A Poetic Achievement
Congratulations to Year 12 pupil Dawn who has been named in as one of the top 15 winners of The Poetry Society and Foyle Young
Poets of the Year Award 2023. This is a fantastic achievement with over 6,600 young people entering the competition from across the world.
Dawn's entry 'the world viewed at 73mph' can be read below.
Young poets travelled from all across the UK to take to the stage of the Globe’s Sam Wanamaker Playhouse with The Poetry Society. Friends, family, educators and literary experts heard reflections from the judges, listened to readings from the Foyle Award’s top 15 writers and celebrated the future of poetry.
Run by The Poetry Society and generously supported by the Foyle Foundation, this has been an exciting 25th year for the Foyle Young Poets of the Year Award. Since 1998, the Award has been finding, celebrating and supporting the very best young poets from across the UK and internationally.

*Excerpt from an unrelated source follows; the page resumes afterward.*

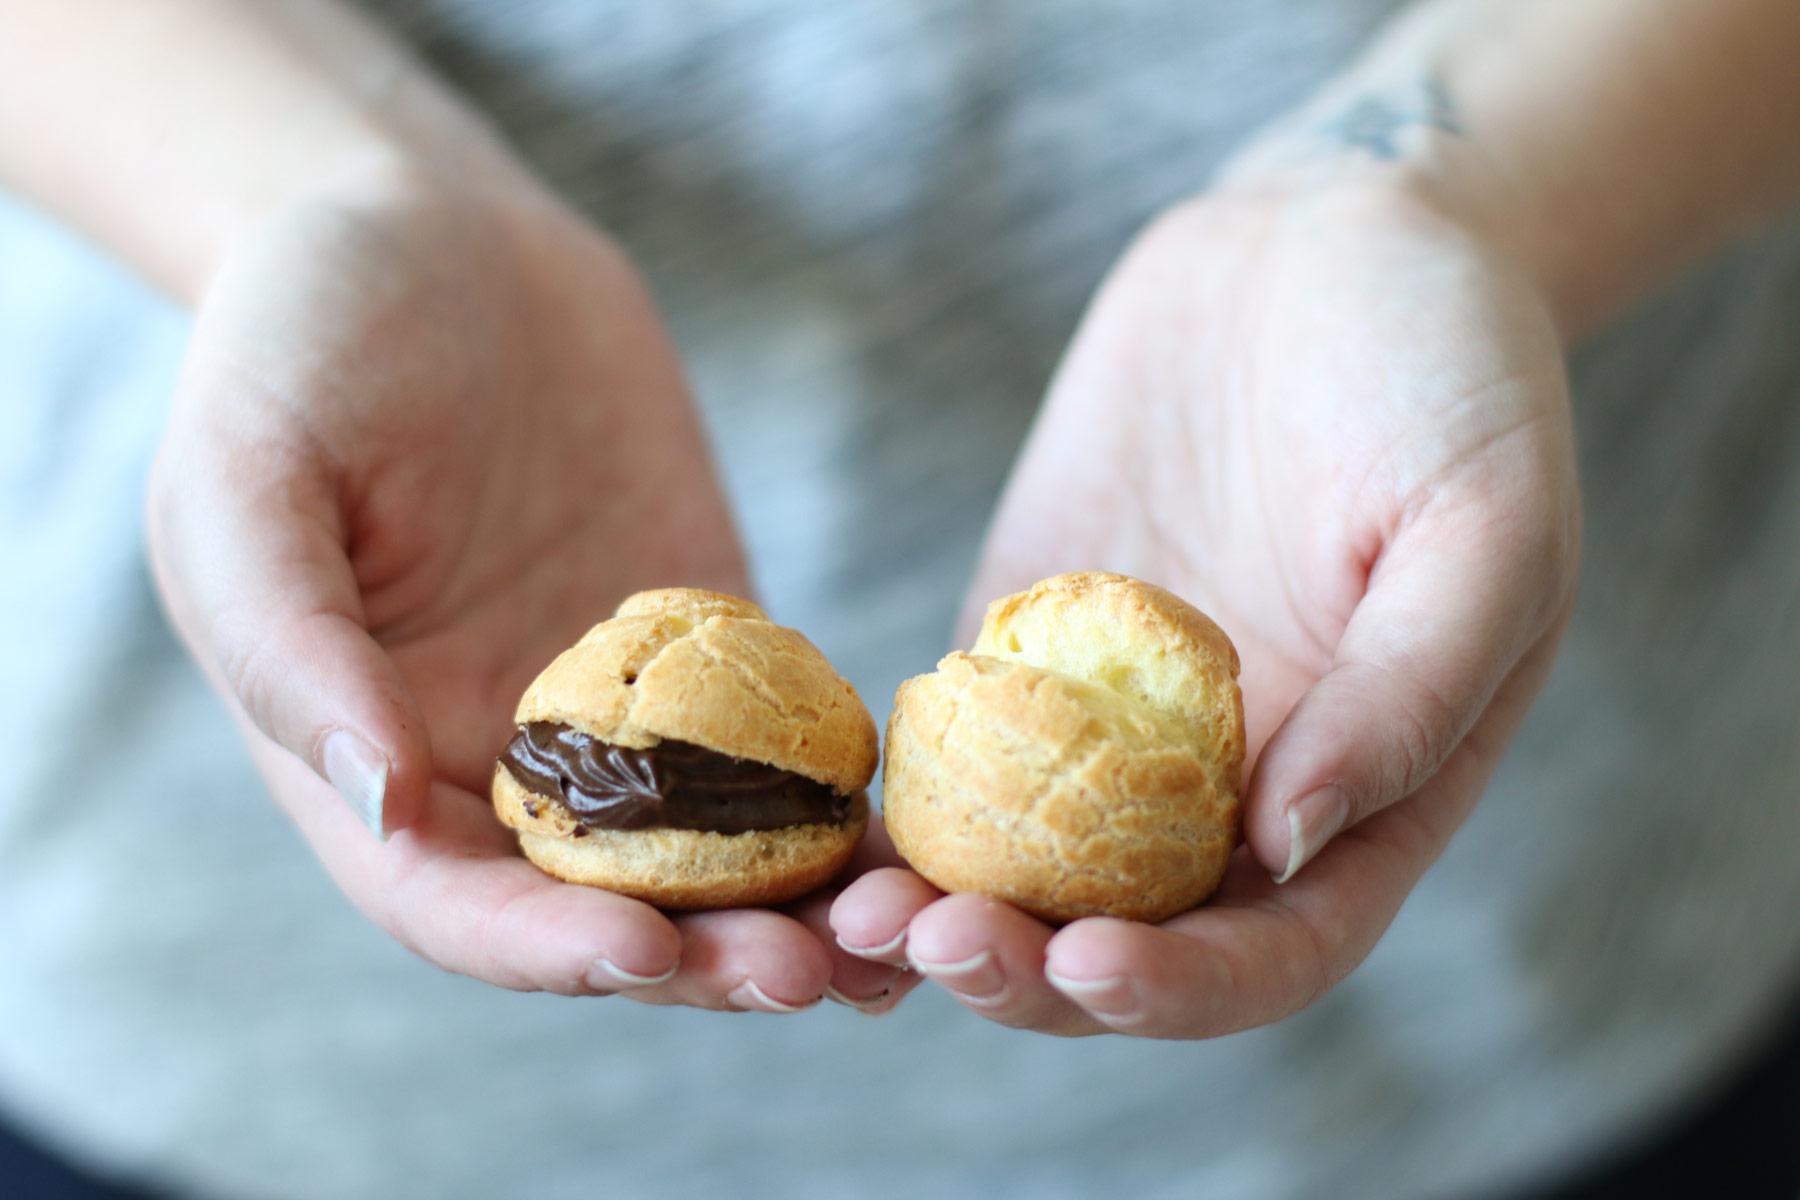 How to make a cream puff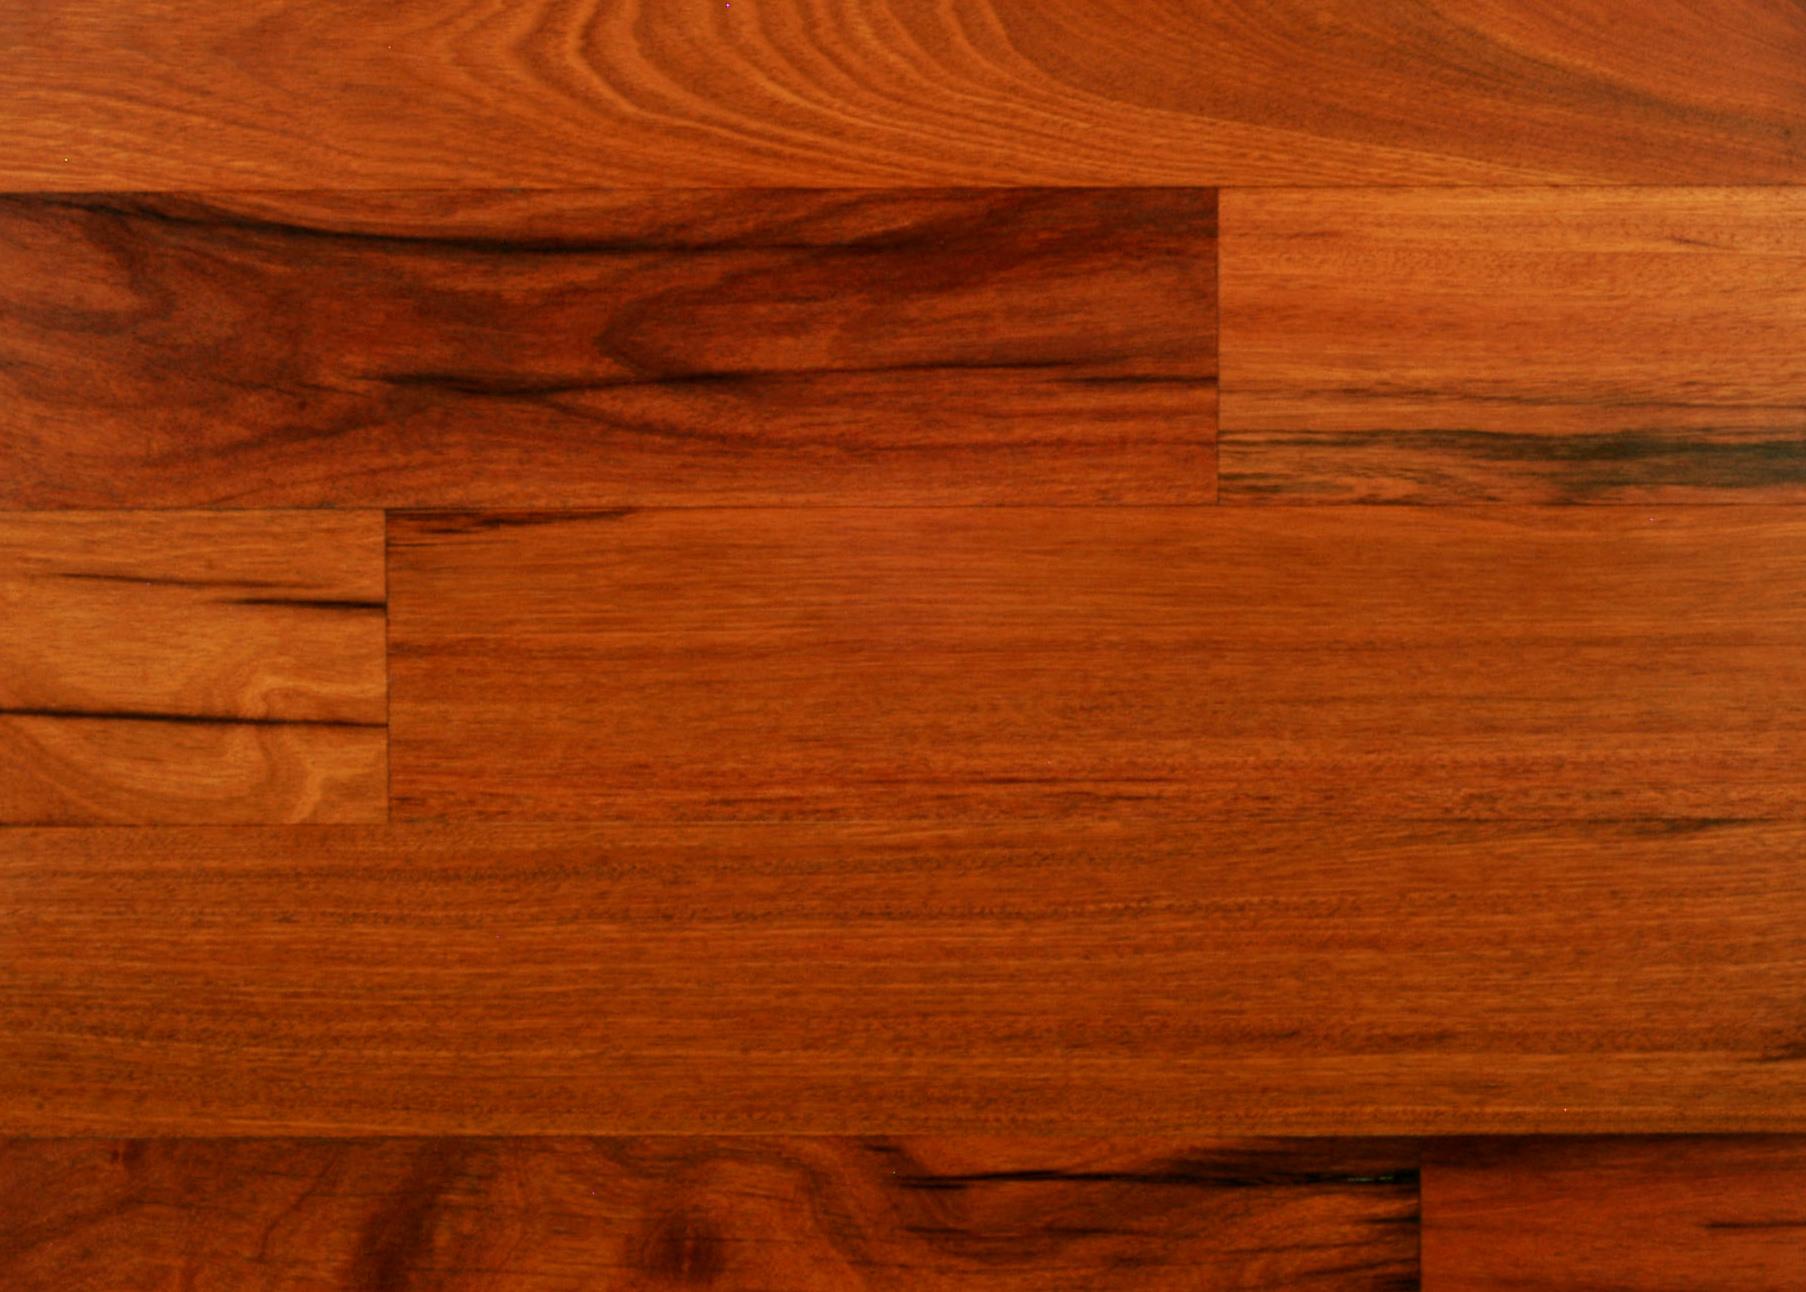 Laminate flooring wilsonart laminate flooring closeout for Wilsonart laminate flooring

The Foyle Young Poets of the Year Award is firmly established as one of the leading competitions in the world for young poets aged between 11 and 17 years old.
An amazing 15,800 poems from 6,600 young people were entered. Young people from 119 countries entered the competition from as far afield as Romania, Trinidad and Tobago, Vietnam and New Zealand, as well as the four corners of the UK. Entries were received from every postcode area in England, and from throughout Wales, Scotland and Northern Ireland.
From these poems this year’s judges Jonathan Edwards and Jane Yeh selected 100 winners, made up of 15 top poets and 85 commended poets.
Winners of the award receive a fantastic range of prizes to help develop their writing. All the winners will receive further mentoring opportunities. As on of the top 15 poets, Dawn will be invited to attend a residential writing course at the Arvon Centre, The Hurst in Shropshire, where she will be able to spend a week with this year’s judges, Jonathan and Jane, focusing on improving their poetry and establishing a community of writers.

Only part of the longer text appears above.